With that in mind and the realization that the state chose not to pursue the nationalization project and in its place – enacted and is bound at least until the government of the day with the requisite quorum decides to the contrary, not to mention the mandatory judicial acquiescence - by the Act. Thus, the aims and purposes of the Act as aforementioned and those which are added on by the Constitution become even more important. And the contravention of such a critical statute, with its commendable goals – should be visited with the harshest possible sanction. The essay will suggest that the current sanctions offered by the Act are wholly inadequate – with respect to the history of the country and the proposed goals set by the Act, which is further strengthened by the interpretation of the purpose and objects of the Constitution previously mentioned. The essay will suggest that contraventions of the Act must be remedied by criminal sanction – and in particular heavy jail sentences. This will be done through an analysis of cartel activity and the consequences thereof to the economy, the visions of the Act and the Constitution. Suggesting that the, position in which the entities which are aforementioned are placed, by virtue of the past – is one of privilege and requires that, they adhere to the spirit of the Act and ultimately the Constitution in addressing the goals of both. Furthermore, it has to be recognized that, “Cartel harm does not provide good basis for criminalization and it is argued that its proper basis should be the individual cartelist’s intention to subvert the competitive process”, what is suggested is that in the South African experience there has to a reference to public policy as a means for the justification of criminal sanction.

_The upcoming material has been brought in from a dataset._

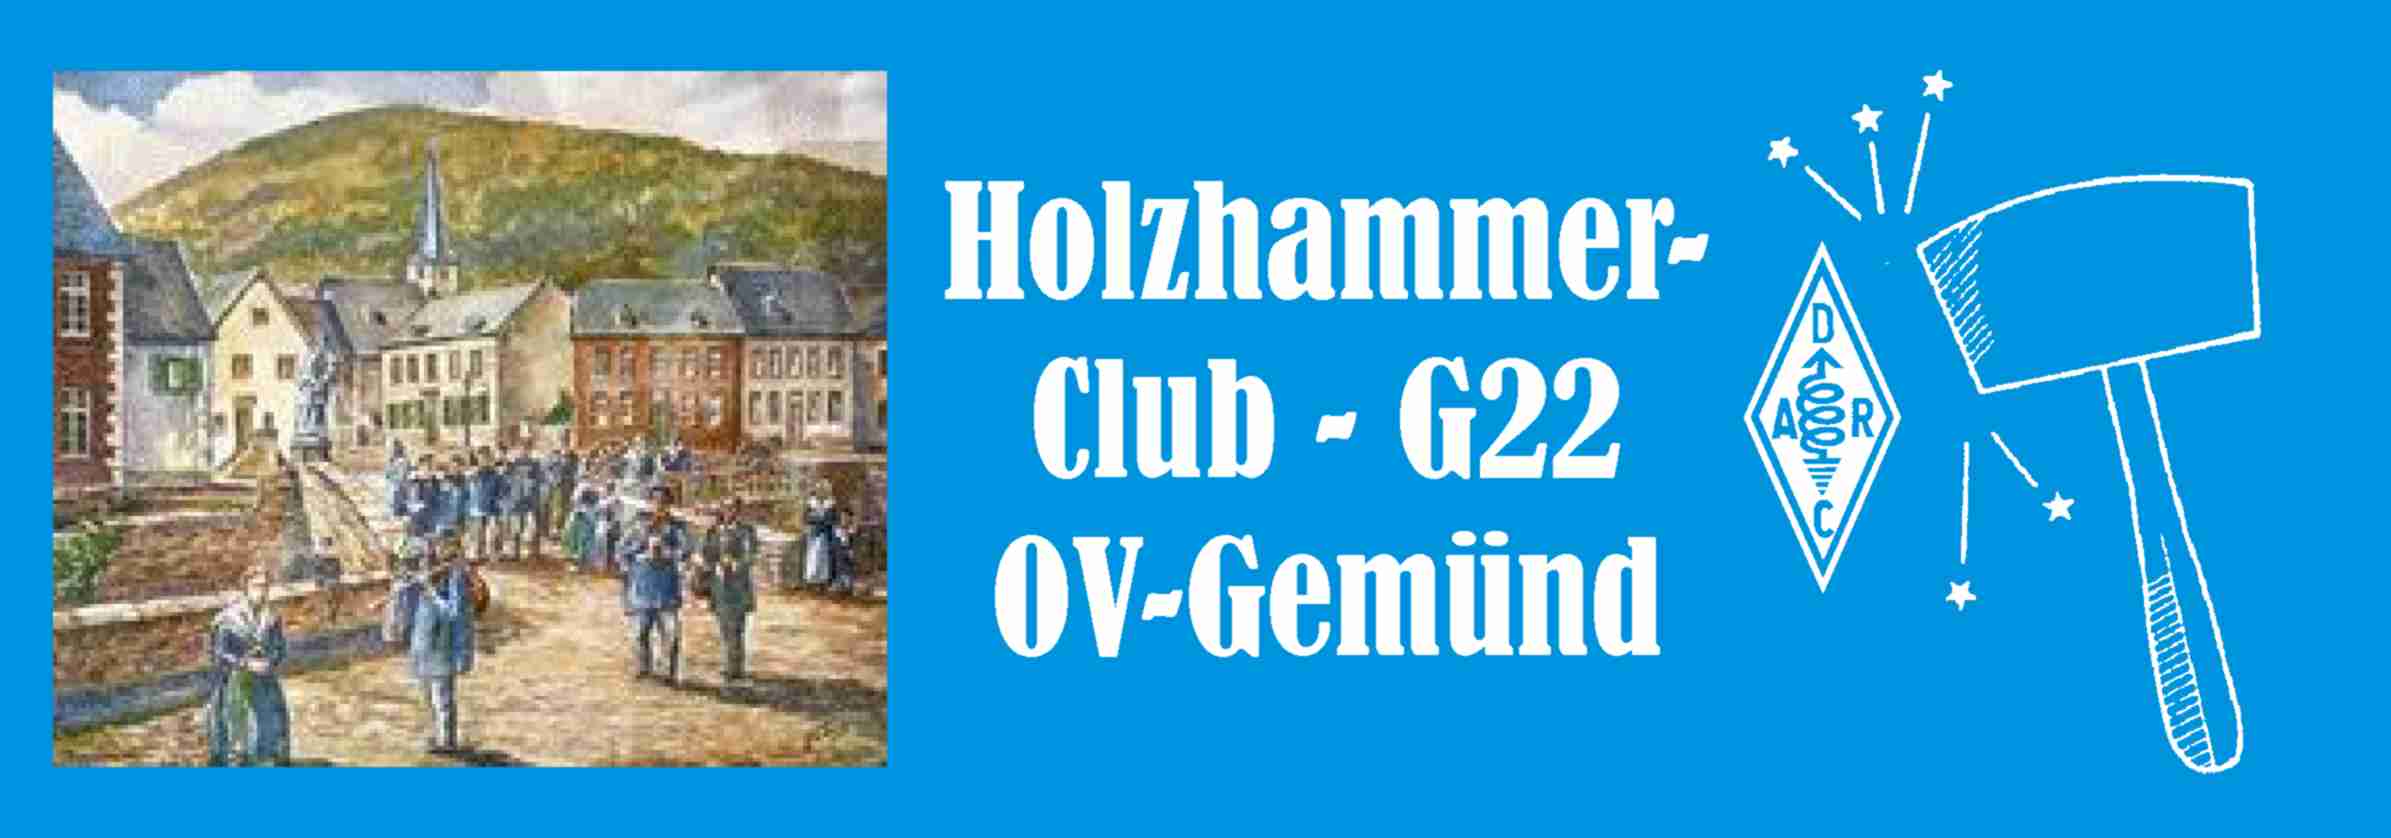 Holzhammerclub

It has been suggested that there are two theories to the justification for criminal sanction mainly: jus Deserts and Deterrence theories. The former, posits, “Punishment ought to be justified not by reference to its ability to prevent future crime but rather because man is responsible for his actions and must therefore receive what he deserves when he has made what society deems are wrong choices”. The later maintains, “Deterrence theory finds its roots in the classic utilitarian argument that suffering is a pain that should be avoided and that, as a result, punishment, itself a form of suffering, could not be justified unless a specific social benefit or utility can be derived from its imposition” whichever theory one subscribes to, it is apparent that both theories have in common a public policy consideration. By public policy – what is meant is good morals/public interest. It is suggested that the public policy in play in the particular instance, are those aforementioned encompassing the purpose of the Act and the overarching constitutionally imposed mandate. This is to a certain degree reinforced by the suggestion that the Act does not go as far as any conceivable nationalization policy, which would not in itself take away the liberty of the actors involved, the loss would be the property being taken – for the greater societal good. And although, more sense to the justification of imposing criminal sanction on economic actors can be found in the jus Deserts theory. The theory which, as its axiom, proposes that people should attach liability for their actions when such actions are deemed to have been wrong decisions by society. It is suggested that an acceptance of the theory strengthened by the fact that while it is trite in law that Corporations are legal entities in and of themselves – with a shift towards an award of more natural persons rights – those behind them must attract the penalties of abusing the rights attained by operating in the economic field.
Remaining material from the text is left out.